4. Track Activation Statistics with ActStats

The code below tracks the health of hidden-layer activations during training, without the memory cost of storing full tensors or the maintenance cost of breaking autograd. At each batch, it updates simple aggregates (mean activation, mean absolute activation) to capture centering, drift, and scale. The class automatically infers layer width on first use, cleanly resets at each epoch start, and supports activations with size [B, H] (or anything that can flatten to that). All updates are contained within @torch.no_grad() to ensure zero overhead on gradients.

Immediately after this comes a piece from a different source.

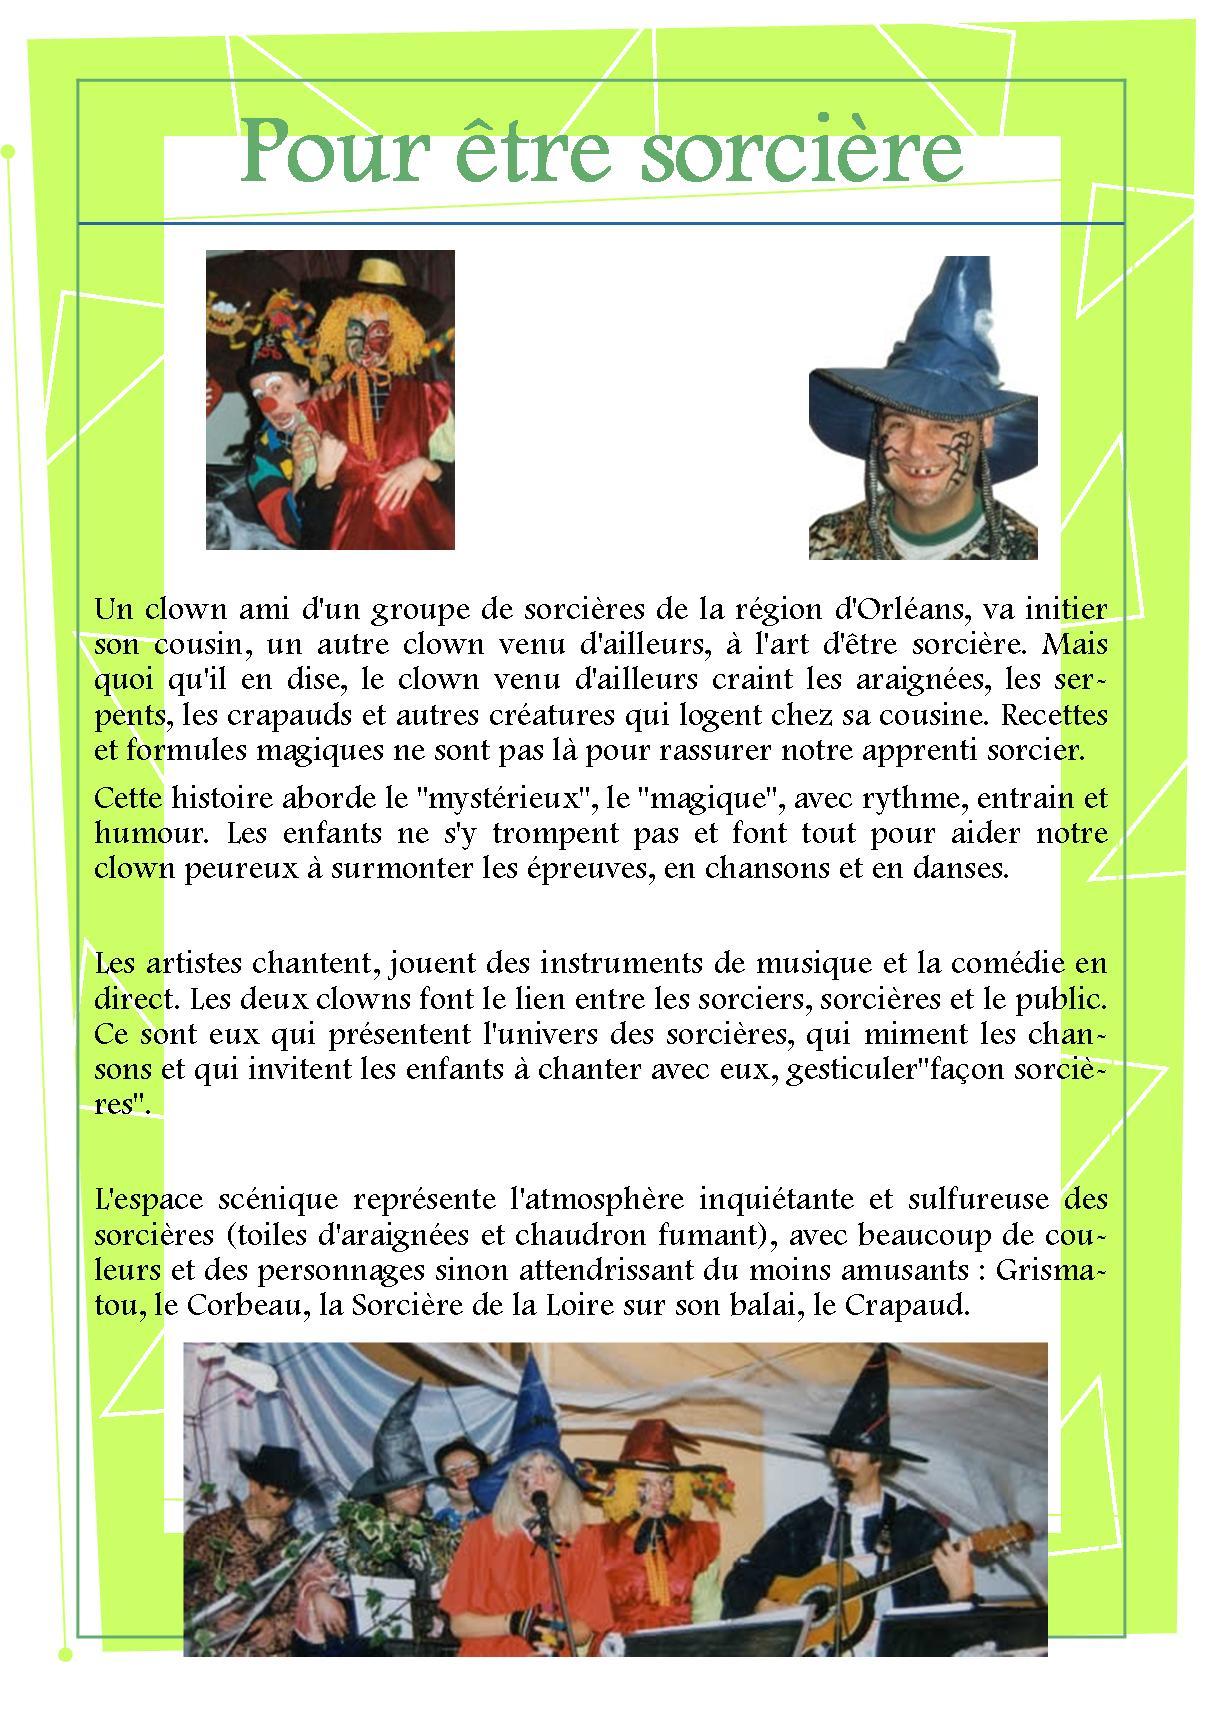 http://static.blog4ever.com/2011/12/582635/artfichier_582635_1044638_201207112232820.jpg
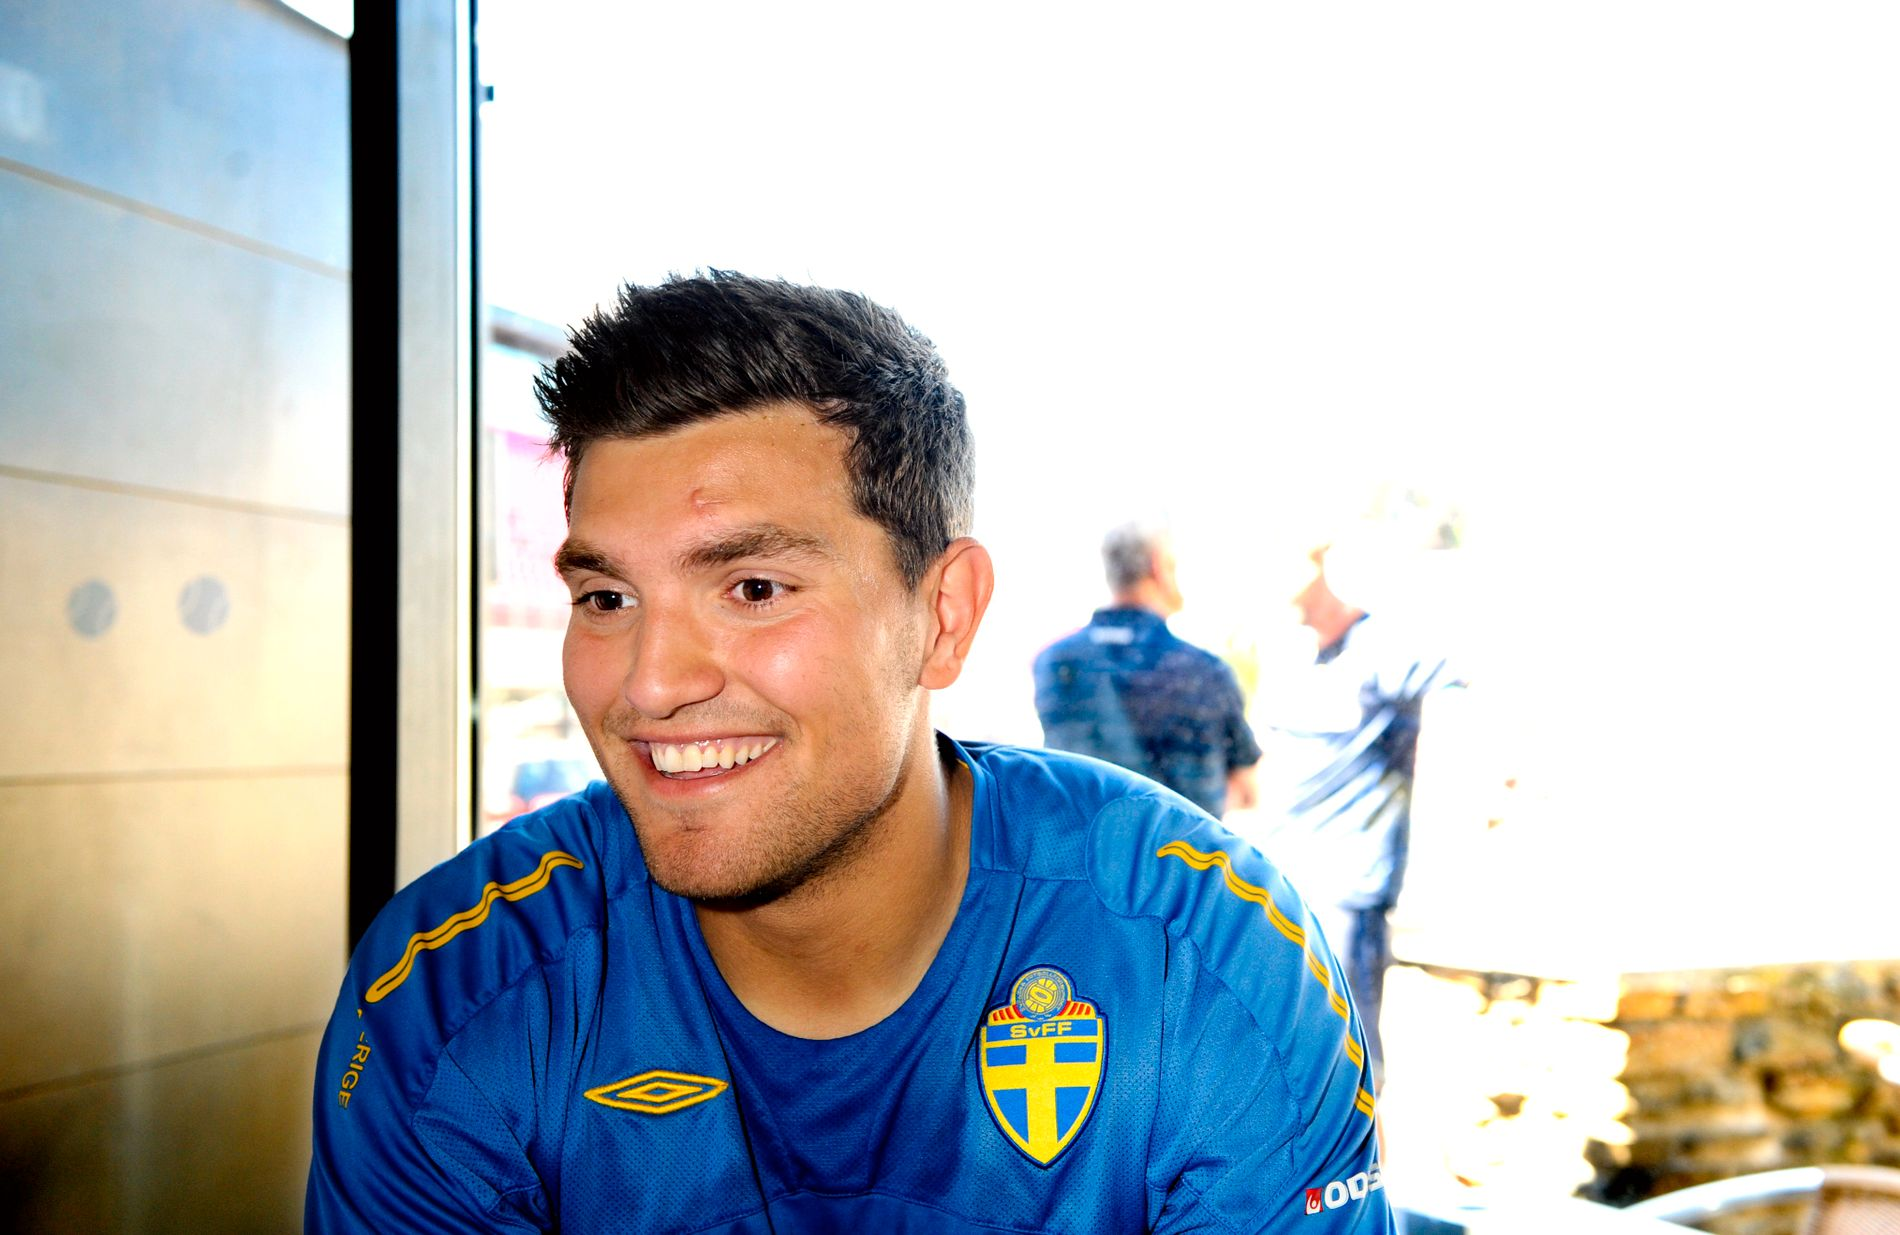 GIKK BORT: Labinot Harbuzi var sett på som et utrolig talent og spilte på aldersbestemte. Her fra lagets pressetreff under U21-EM i 2009.

The utility then tracks branch-specific signals. For ReLU, this is the fraction of exact zeros, and the number of “dead units” that never fire. For ELU/Leaky (or any negative-branch activation), it estimates the fraction of values that are near the lower limit −α, both in terms of batch fraction and per-unit frequency, to flag units “often saturated” that are near −α in ≥90% of batches. The summary() method exposes these averages as a loggable dict for dashboards or training reports.

class ActStats:
    """
    Lightweight running stats tracker for layer activations.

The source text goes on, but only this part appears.